Phyllis Urrea did have
a story: In 1943 she left her family home on Staten Island and joined the
Clubmobile service, a little-known arm of the Red Cross that sought to provide
a small (and, in many cases, final) taste of home to soldiers at the battle lines
in France, Belgium, and Germany. Clubmobiles were glorified food trucks
outfitted with coffee urns, doughnut fryers, and usually a trio of young women
in canvas uniforms whose mission was to share chat and cheer with “the boys.”
Phyllis and her comrades
wanted to go as close to the action as possible, although not all the “donut
dollies,” as they were sometimes known, much to their chagrin, shared that
ambition. Regardless of their taste for adventure, the women of the Clubmobiles
were supposed to be “healthy, physically hardy, sociable, and attractive.” They
wore lipstick and nail polish, played swing records and danced with soldiers,
and they carried chewing gum, cigarettes, magazines, and sometimes mail on
their trucks.
Here was a
little-known and even somewhat misunderstood slice of history that Luis Urrea’s
mother took part in and that Luis and Cindy Urrea knew had been important to
her. And they both knew for certain Luis could bring it to life through
fiction. There was just one problem: The mother Luis had known was a nervous,
affected woman desperately miserable in her marriage and disappointed by life.

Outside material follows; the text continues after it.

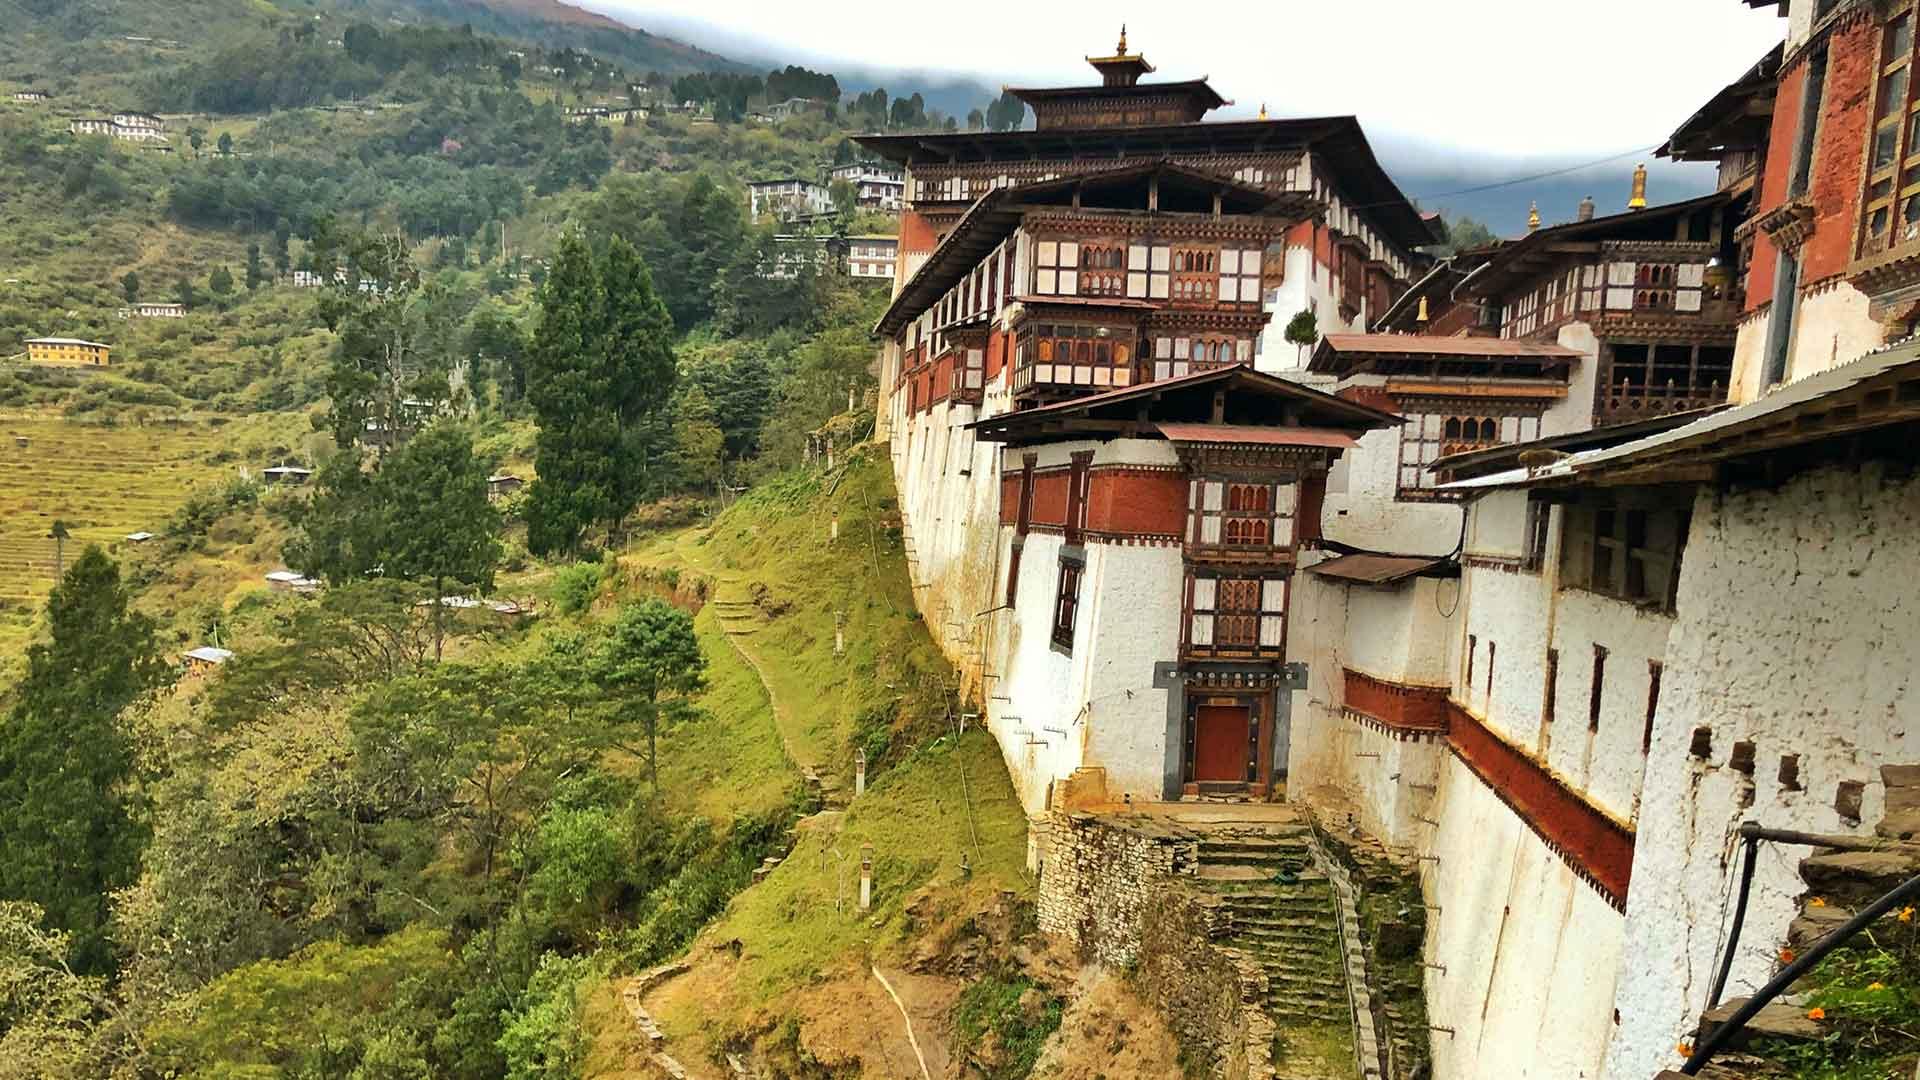 Bhutan, dzong in countryside

How could he write about her as a brave, formidable presence who had moments of
deep happiness and connection?
“The skeleton of my
mother’s sorrow informs this book,” says Urrea, speaking this time from his
Chicago-area home, Cindy again by his side and a vital part of the
conversation.
Urrea
was born in 1955 to Phyllis Irene McLaughlin Urrea and Alberto Urrea, who met
in San Francisco and threw in their lot with each other without perhaps
thinking things through as well as they should have. Phyllis came from a
sophisticated New York City background filled with culture and nightlife; she
always called her only son “darling boy” and encouraged him to be as white and
Western and culturally knowledgeable as possible. Alberto, often described by
Luis as an Errol Flynn look-alike, had different plans for his son, wanting
Luis to become as macho and Mexican as possible…..
Image…..
Both served in the Second World
War, and “both of them suffered from PTSD, I now realize,” says Urrea. “At
night, when I was growing up, my father would be in one bedroom with
nightmares, grinding his teeth until they all cracked, and my mother would be
in another bedroom shouting and kicking and crying through nightmares. They
both suffered, but they couldn’t communicate about that suffering.”

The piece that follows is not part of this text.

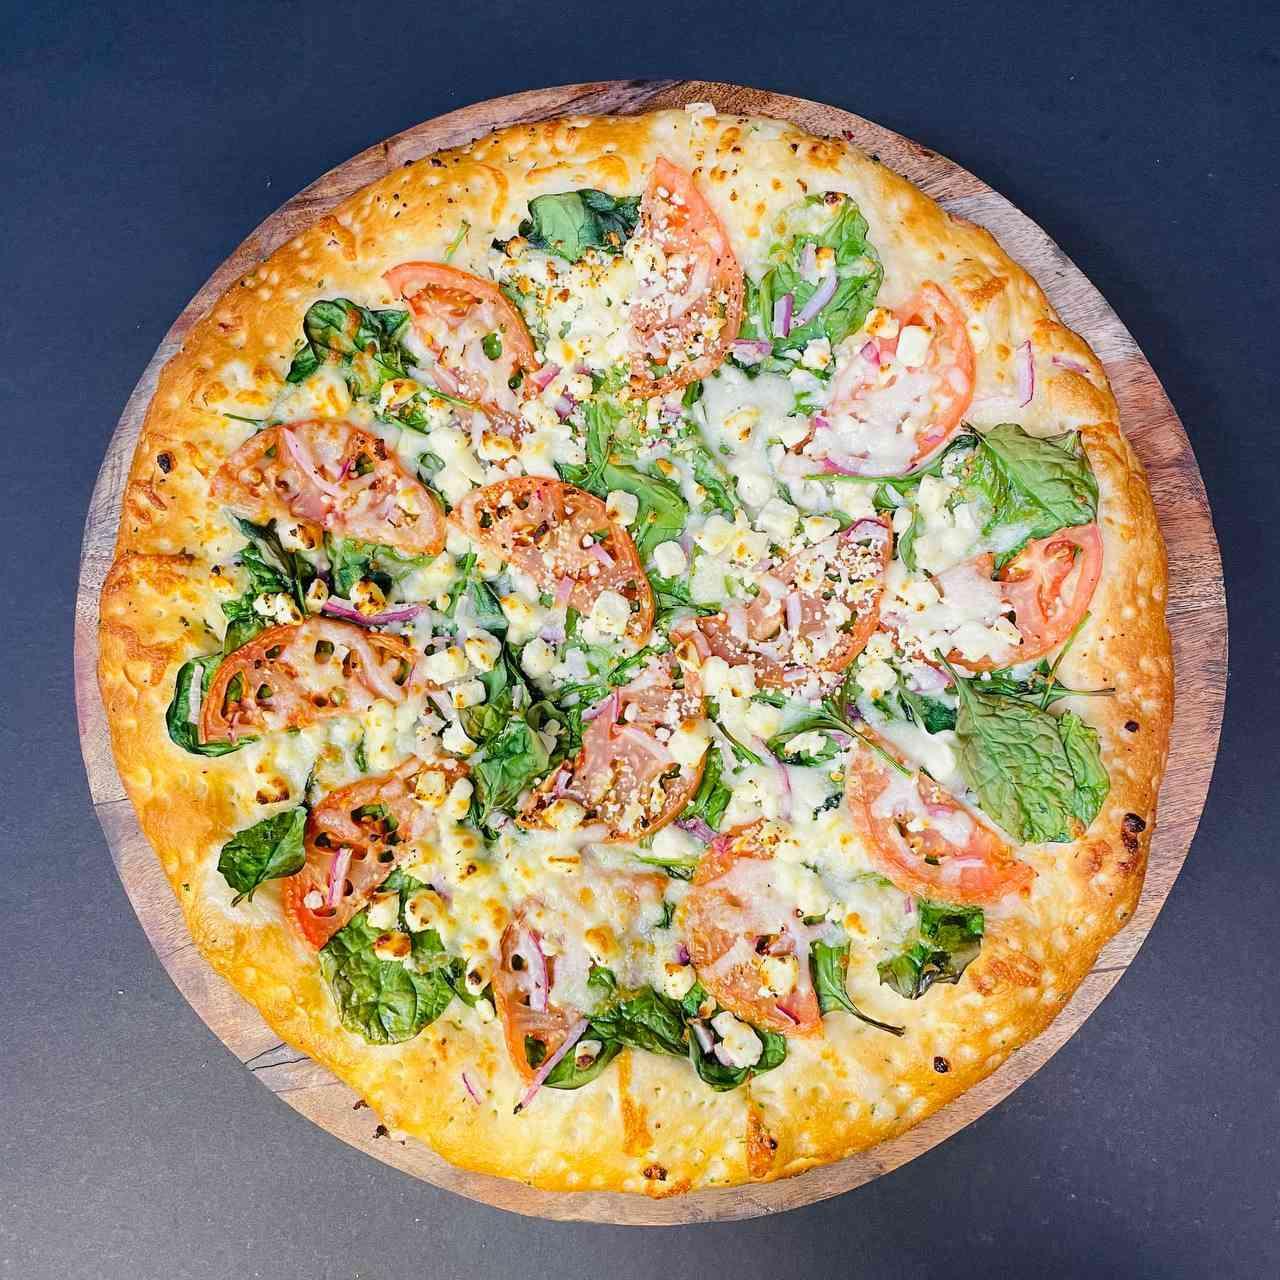 Chef's White Pizza

He says that as he got older, his
mother “got crazier and crazier, and more and more unhappy. There would be
moments of the old Phyllis, when she might gesture with her hand bearing a
large topaz ring and holding a cigarette, say something witty and effervescent,
flick a bit of tobacco off her lip....”
Alberto Urrea kept their small
family “very isolated,” Luis says. “My mother never drove again after her
Clubmobile experiences, and it was easy to cut her off from family and friends.
He had the car and he’d leave, and he was cheating on her and she found out.

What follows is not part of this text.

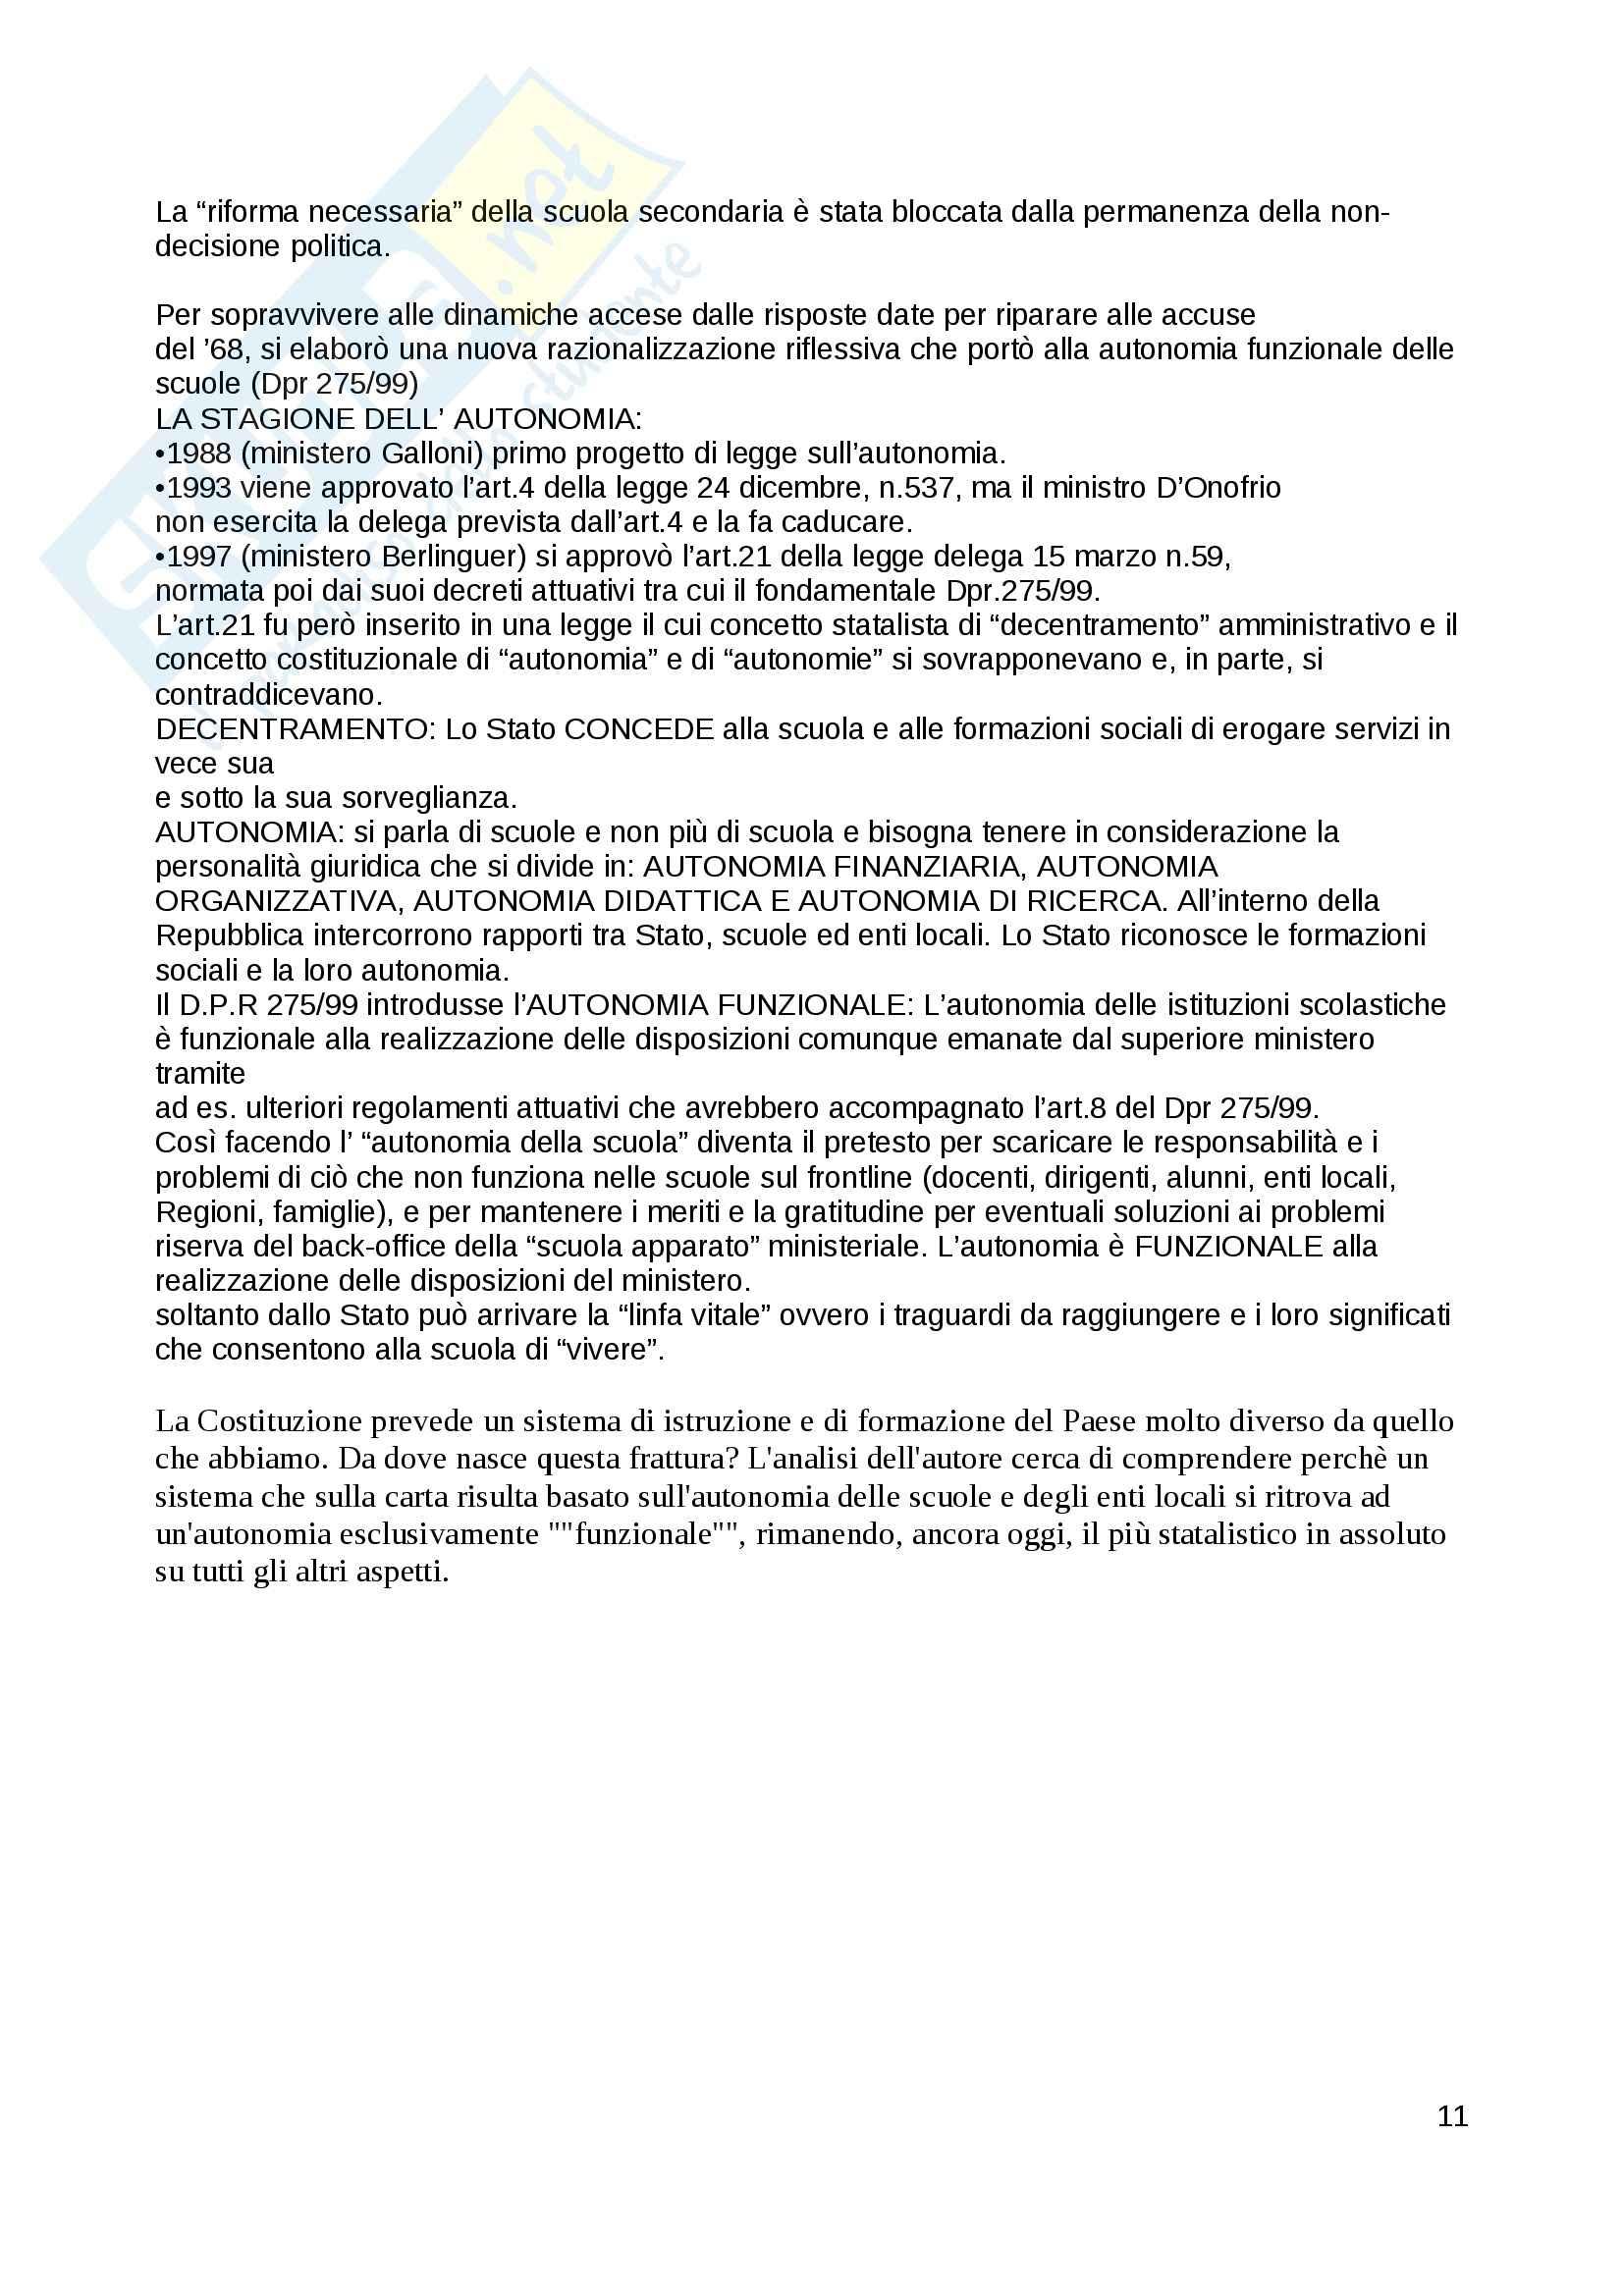 Riassunto esame Pedagogia generale, prof. Bertagna, libro consigliato Autonomia: storia, bilancio e rilancio di un'idea, Bertagna Pag. 11

They were locked in this hopeless battle. I found out later that her family had
tried to reach out to her for decades, but she remained kind of opaque, behind
a wall of fog.”
Luis Urrea knew his mother had a
story, but he didn’t know how to tell it. Then Cindy Urrea read a book that was
revelatory, both for the research side and the writing side. “The coolest thing
about this book for me is that it came from the women telling their own
stories,” says Cindy. “We couldn’t find any historical record. We couldn’t find
any facts and figures. We couldn’t find anything like that.” But then she read
Svetlana Alexievich’s The
Unwomanly Face of War: An Oral History of Women in World War II,
translated by Richard Pevear and Larissa Volokhonsky and published by Random
House in 2017.
“That’s the one that
changed everything,” she says. “Some of the stories about the Soviet women who
enlisted were so much like the American women. The Soviet woman who brought a
suitcase full of her favorite chocolates and the American woman who brought all
of her evening dresses because she thought that’s what ‘entertaining the
troops’ meant.”
But there’s a much
more serious and dark side that Cindy realized after listening to Luis’s
stories about his mother’s sadness. “PTSD takes different forms for women, and
it’s taken us too long to acknowledge that. When Luis told me about his mom’s
service I said, You know what? Phyllis gets a free pass for everything. Every
day your job, as a Clubmobile operator, is to listen to these boys. They’re
boys! These women saw planes go up and some didn’t come back.”
She continues: “Just
knowing that you are the last bit of home that Bobby Jones from Oklahoma is
ever going to see. So you better not ever be in a bad mood. You always smile
and serve a cup of hot coffee and a hug. Because you’re saying goodbye to him.
You’re standing in for the world.”
“I couldn’t believe
there was no historical record about these women,” says Cindy. “I kept coming
up against brick walls. But the Alexievich book opened something up for me that
I was able to share with Luis. When these women came back, no one was interested
in their stories—but they weren’t interested in telling them, either. They
didn’t consider themselves stars of the show.”
For some time, Urrea
worked on a book that he says was about a “gray, sad ghost of a woman” that
didn’t work, although his longtime agent, Julie Barer, refrained from telling
him so. “She would just nod and encourage me to keep going, even though we both
knew I wasn’t getting it.”
It wasn’t until 2014
that Luis and Cindy Urrea found Phyllis’s Clubmobile partner and closest friend,
“Darling Jill,” that the story morphed significantly. Jill Pitts Knappenberger
happened to live near the Urreas, in Champaign-Urbana, Illinois. When they got
in touch with her and requested a visit, she welcomed them into her life and
her home and loads of memorabilia: clothing and knickknacks covered in
patriotic symbols, all of Phyllis’s letters to her, her own diaries—and a tiny
gold Clubmobile charm on a gold chain “that she never took off,” says Cindy.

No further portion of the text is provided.